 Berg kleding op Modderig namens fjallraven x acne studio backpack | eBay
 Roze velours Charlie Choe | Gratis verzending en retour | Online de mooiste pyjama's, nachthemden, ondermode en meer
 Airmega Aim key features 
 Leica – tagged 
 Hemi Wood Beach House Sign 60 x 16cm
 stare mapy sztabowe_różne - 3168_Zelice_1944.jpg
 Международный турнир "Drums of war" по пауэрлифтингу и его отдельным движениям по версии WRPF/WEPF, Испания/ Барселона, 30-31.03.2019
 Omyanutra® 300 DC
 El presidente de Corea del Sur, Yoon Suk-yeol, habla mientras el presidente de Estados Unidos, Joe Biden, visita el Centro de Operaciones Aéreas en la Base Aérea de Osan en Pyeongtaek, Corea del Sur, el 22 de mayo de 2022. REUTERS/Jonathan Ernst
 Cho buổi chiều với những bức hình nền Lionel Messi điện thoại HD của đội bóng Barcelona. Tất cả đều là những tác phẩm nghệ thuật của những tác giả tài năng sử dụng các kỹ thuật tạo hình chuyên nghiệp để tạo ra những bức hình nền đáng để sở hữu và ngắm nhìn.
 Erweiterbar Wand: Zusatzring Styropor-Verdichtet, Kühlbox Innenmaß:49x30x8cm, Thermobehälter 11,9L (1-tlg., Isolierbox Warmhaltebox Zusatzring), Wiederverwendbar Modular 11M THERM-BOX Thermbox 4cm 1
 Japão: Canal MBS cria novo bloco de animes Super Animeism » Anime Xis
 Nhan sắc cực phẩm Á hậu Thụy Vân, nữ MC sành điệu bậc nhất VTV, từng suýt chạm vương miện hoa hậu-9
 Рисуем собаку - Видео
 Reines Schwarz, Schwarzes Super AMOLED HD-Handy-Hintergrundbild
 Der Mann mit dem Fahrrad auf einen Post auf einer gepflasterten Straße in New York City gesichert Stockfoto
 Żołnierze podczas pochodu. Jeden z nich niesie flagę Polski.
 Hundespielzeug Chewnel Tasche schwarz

====

-- Task details --
Copy each line holding "Super" from the material above.

-- Response to this exercise --
 Japão: Canal MBS cria novo bloco de animes Super Animeism » Anime Xis
 Reines Schwarz, Schwarzes Super AMOLED HD-Handy-Hintergrundbild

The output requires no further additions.